# Sgt. William P. Rudd - 75th Ranger Regiment



## Ravage (Oct 6, 2008)

http://news.soc.mil/releases/News Archive/2008/October/081006-02.html

FORT BRAGG, N.C. (USASOC News Service, Oct. 6, 2008) — An Army Ranger died Oct. 5 of  wounds sustained when he was hit by enemy fire during combat operations in northern Iraq while serving with 3rd Battalion, 75th Ranger Regiment based at Fort Benning, Ga.

Sgt. William P. Rudd, 27, was wounded during a ground-assault raid targeting associates of senior Al Qaeda leaders when enemy fighters, some armed with suicide vests, engaged the U.S. forces with small-arms fire. 

Rudd was in his eighth deployment in support of the War on Terror with two previous deployments to Afghanistan and five to Iraq.

A native of Madisonville, Ky., Rudd initially entered the Army on Oct. 2, 2003.  After completion of One Station Unit Training and the Ranger Indoctrination Program at Fort Benning, he was assigned to Company B, 3rd Bn., in August 2004.  Rudd served as a rifleman, grenadier and fireteam leader with Comp. B.  

Rudd’s military education includes the Basic Airborne Course, Ranger Indoctrination Program, Warrior Leaders Course, Jumpmaster Course, Master Breacher Course and the U.S. Army Ranger Course.

His awards and decorations include the Joint Service Commendation Medal, Army Commendation Medal, three Army Achievement Medals, Army Good Conduct Medal, National Defense Service Medal, Global War on Terrorism Expeditionary Medal, Global War on Terrorism Service Medal, Afghanistan Campaign Medal, Iraq Campaign Medal, Army Service Ribbon, Noncommissioned Officers Professional Development Ribbon, Overseas Service Ribbon, Combat Infantryman Badge, Parachutist Badge and the Ranger Tab.

Rudd is survived by his father William E. and stepmother Barbara Rudd, and step brother, Josh of Madisonville, Ky.; his mother, Pamela F. Lam and sister, Elizabeth of Nortonville, Ky.

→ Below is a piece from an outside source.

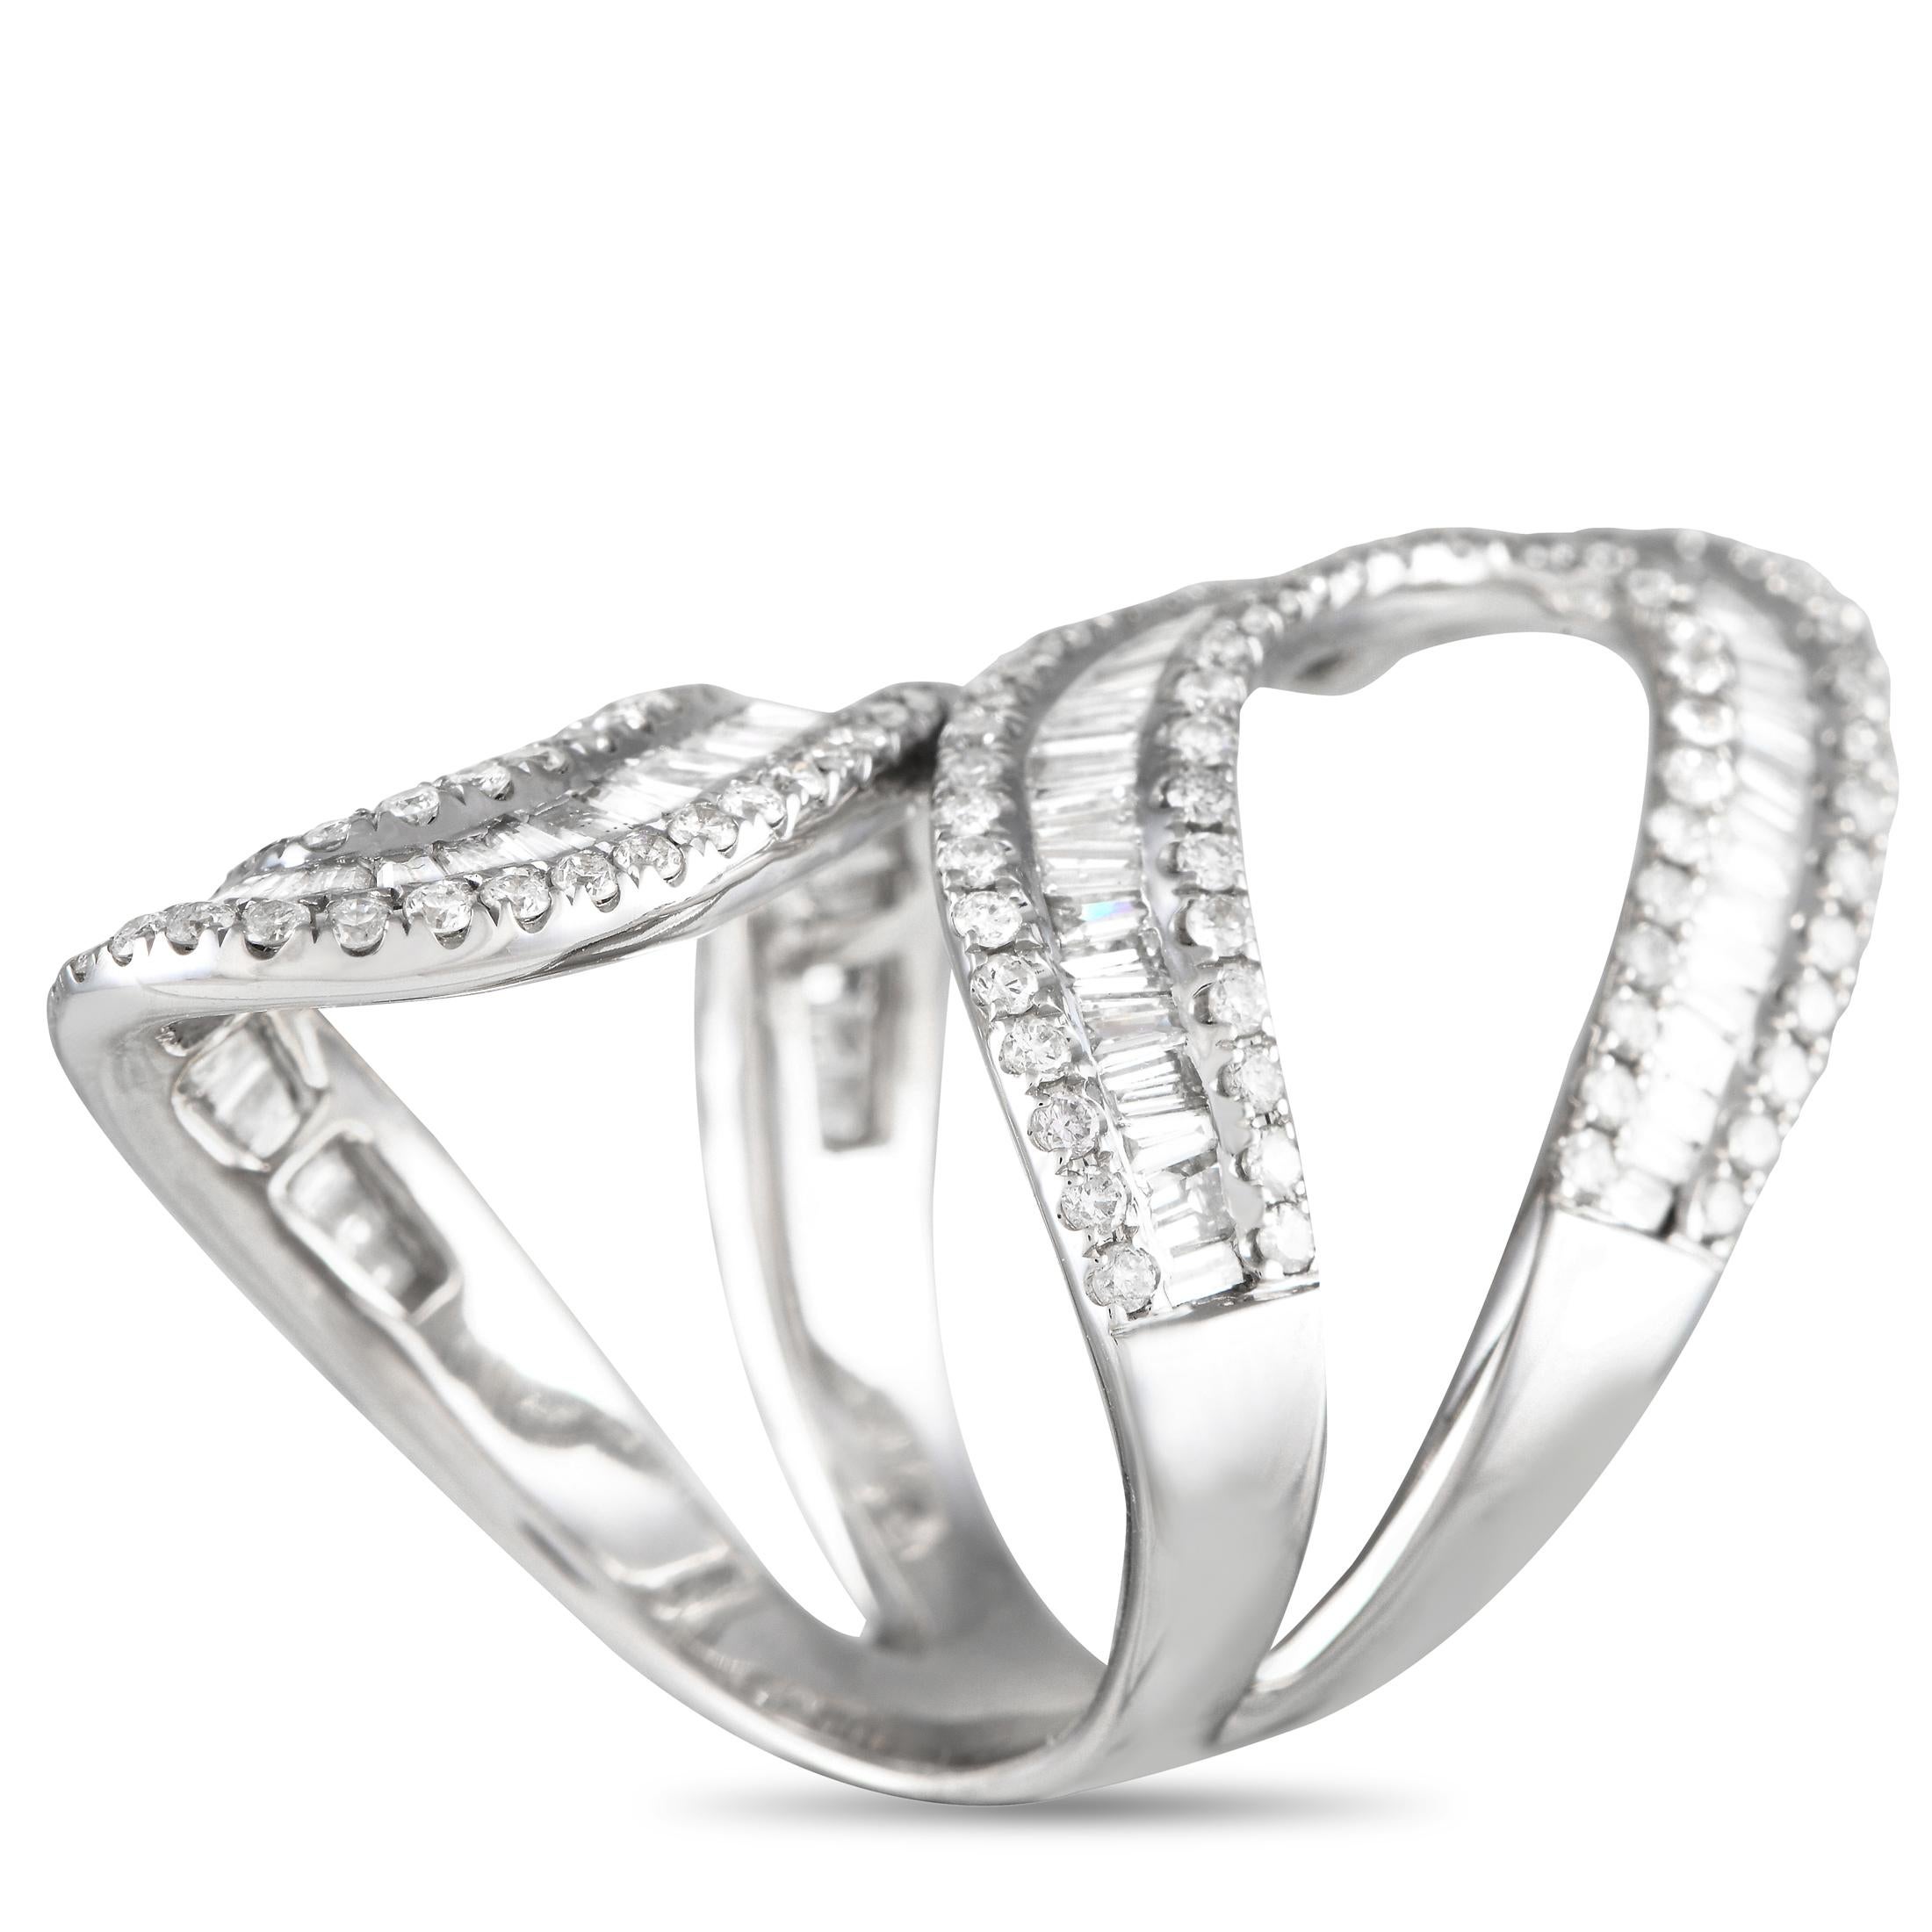 A delightful bauble to help you elevate your style in an instant. This shapely ring in 14K white gold features a swirling split band design to wrap the finger in elegance. The ribbon-like silhouette of the band showcases three rows of diamonds, with

For Sgt. Rudd's bio, click HERE...


----------



## MsKitty (Oct 6, 2008)

RIP Soldier!!!


----------



## Gypsy (Oct 6, 2008)

Rest in Peace, Ranger.


----------



## HoosierAnnie (Oct 6, 2008)

Rest Well, Ranger


----------



## Rabid Badger (Oct 6, 2008)

RIP Sgt. William P. Rudd.  You will be missed.

8th deployment? wow.


----------



## 0699 (Oct 6, 2008)

RIP Ranger.


----------



## tova (Oct 6, 2008)

RIP, Godspeed, PBS....


----------



## 8'Duece (Oct 6, 2008)

razor_baghdad said:


> RIP Sgt. William P. Rudd.  You will be missed.
> 
> 8th deployment? wow.



Wow is right !! 8 ?  Op tempo is high, as expected. 

Rest easy SGT William P. Rudd.  Your watch is over. 

Thank you for your service and your ultimate sacrfice.


----------



## surgicalcric (Oct 6, 2008)

Rest In Peace RANGER.

Crip


----------



## MsKitty (Oct 6, 2008)

razor_baghdad said:


> RIP Sgt. William P. Rudd.  You will be missed.
> 
> 8th deployment? wow.



That's what I thought, and he went in 2003!!


----------



## Trip_Wire (Oct 6, 2008)

RIP Ranger Sgt. William P. Rudd — Rangers lead The Way!


----------



## Typhoon (Oct 6, 2008)

RIP Sgt. Rudd. My thoughts and prayers out to all the members of the Rudd family, to his friends, and to all those with whom he served. I am saddened to see the loss of a good young man...

RLTW!



> 8th deployment? wow.


Yeah, its getting up there. My guy's been there since early 2002...


----------



## lancero (Oct 6, 2008)

RIP, warrior. RLTW!


----------



## Doc P (Oct 6, 2008)

RIP Ranger
RLTW!


----------



## 275ANGER! (Oct 7, 2008)

Rest in Peace Bro


----------



## rizzydee (Oct 7, 2008)

Rudd was a good kid. He was in my team when I was in the line. This was his last deployment. You'll be missed brother...your fight is over now, enjoy the peace.


----------



## Invictus375 (Oct 7, 2008)

He led the way.

Rest in peace warrior.


----------



## Scotth (Oct 7, 2008)

Rest easy Warrior


----------



## Muppet (Oct 8, 2008)

R.I.P. Ranger. Thank you.

F.M.


----------



## racing_kitty (Oct 8, 2008)

Rest in peace, Ranger.  Thank you for all that you gave in defense of this country, and all it stands for.  You will be missed.


----------



## Centermass (Oct 8, 2008)

Rest easy Ranger. 

Valhalla has you now. 

~S~


----------



## helldawg32 (Oct 13, 2008)

Rudd and I went to RGR school together and got held over among a couple other schools.  He was always chasing after the cougars, a real character that guy was... Rudd I'll see ya up there with the Airborne Rangers in the sky Ranger Buddy!!
RLTW!


----------



## thedukeusmc (Oct 13, 2008)

Rest easy Ranger. 

Semper Fi


----------



## helldawg32 (Oct 14, 2008)

Rudd and I went to RGR school together and recycled Darby. He was definitely a character, always htting on the older women.  We both graduated and eventually went to a couple more schools together.  I'll miss you a ton Ranger Buddy, rest easy!!
RLTW


----------



## car (Oct 14, 2008)

RIP Warrior


----------



## tomgroff (Oct 14, 2008)

*Ranger*

keep leadin' the way Ranger. Never forgotten, never left  behind.


----------



## lionheart (Oct 14, 2008)

rest well soldier...


----------



## LibraryLady (Oct 14, 2008)

RIP Ranger

Prayers out to your family and brothers in arms

LL


----------